Task to carry out: For the entries below, count the lines containing "Italy" and give only that number.

Task data:
★ ★ ★ ★

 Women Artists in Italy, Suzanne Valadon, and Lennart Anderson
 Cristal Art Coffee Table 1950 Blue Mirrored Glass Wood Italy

★ ★ ★ ★

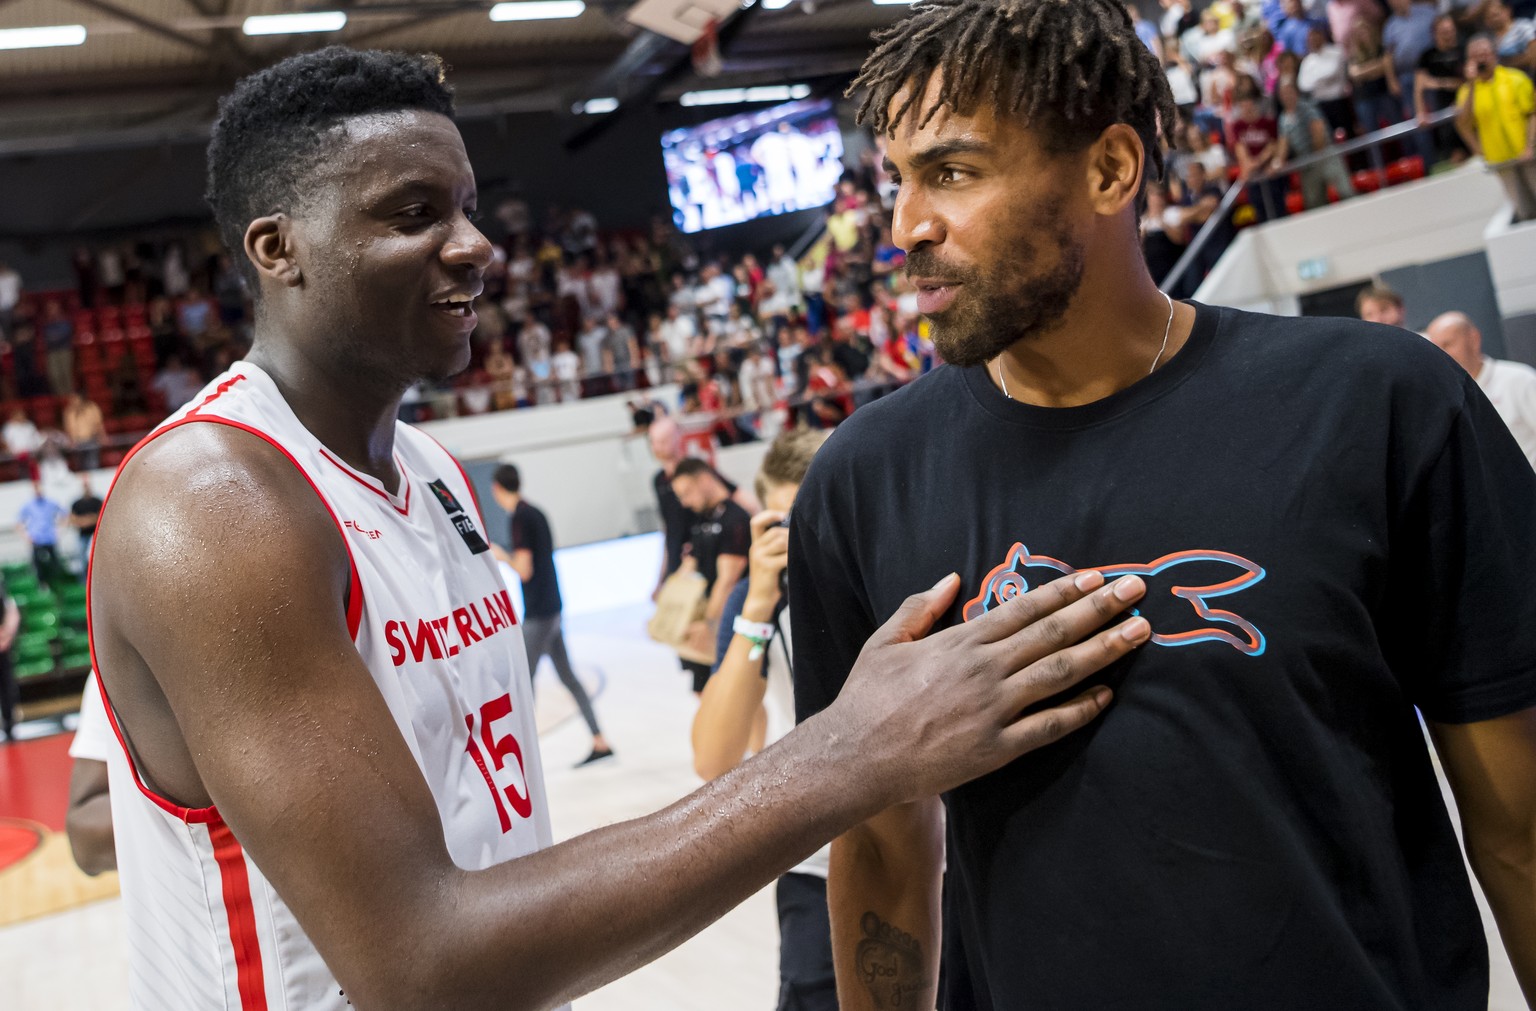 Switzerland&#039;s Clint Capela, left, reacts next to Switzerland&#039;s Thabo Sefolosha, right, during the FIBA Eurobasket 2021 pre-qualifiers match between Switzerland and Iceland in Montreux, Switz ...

★ ★ ★ ★

Reply: 2